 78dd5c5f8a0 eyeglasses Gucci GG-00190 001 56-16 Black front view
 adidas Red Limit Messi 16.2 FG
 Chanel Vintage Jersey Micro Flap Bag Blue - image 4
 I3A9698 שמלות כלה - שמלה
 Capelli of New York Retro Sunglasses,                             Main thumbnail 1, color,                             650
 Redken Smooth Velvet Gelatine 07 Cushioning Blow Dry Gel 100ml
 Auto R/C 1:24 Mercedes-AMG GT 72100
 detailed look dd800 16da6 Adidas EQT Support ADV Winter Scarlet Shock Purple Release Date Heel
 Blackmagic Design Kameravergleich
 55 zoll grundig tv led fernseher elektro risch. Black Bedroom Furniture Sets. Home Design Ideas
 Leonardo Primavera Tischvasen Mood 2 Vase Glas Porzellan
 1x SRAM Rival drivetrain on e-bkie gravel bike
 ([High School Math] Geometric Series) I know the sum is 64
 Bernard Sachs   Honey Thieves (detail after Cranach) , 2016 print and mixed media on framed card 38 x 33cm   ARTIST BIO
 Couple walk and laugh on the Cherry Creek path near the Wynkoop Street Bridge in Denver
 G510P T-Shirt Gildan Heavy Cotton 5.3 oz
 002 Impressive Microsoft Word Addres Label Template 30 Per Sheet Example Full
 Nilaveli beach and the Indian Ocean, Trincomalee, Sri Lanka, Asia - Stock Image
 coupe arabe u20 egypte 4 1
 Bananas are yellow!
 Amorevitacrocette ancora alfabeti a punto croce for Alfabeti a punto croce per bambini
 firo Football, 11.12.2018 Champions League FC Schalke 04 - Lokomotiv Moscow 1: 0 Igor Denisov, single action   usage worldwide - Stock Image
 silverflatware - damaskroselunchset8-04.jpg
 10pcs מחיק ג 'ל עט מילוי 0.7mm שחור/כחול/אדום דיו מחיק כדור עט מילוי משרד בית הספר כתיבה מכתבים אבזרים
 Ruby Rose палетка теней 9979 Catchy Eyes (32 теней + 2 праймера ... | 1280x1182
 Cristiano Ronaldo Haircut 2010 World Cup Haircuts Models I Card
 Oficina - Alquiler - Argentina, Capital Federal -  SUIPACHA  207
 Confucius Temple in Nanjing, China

# # # # # # #

• [What needs to be done] Wherever the word "Design" appears in the entries above, copy that line.

• [Result]
 Blackmagic Design Kameravergleich
 55 zoll grundig tv led fernseher elektro risch. Black Bedroom Furniture Sets. Home Design Ideas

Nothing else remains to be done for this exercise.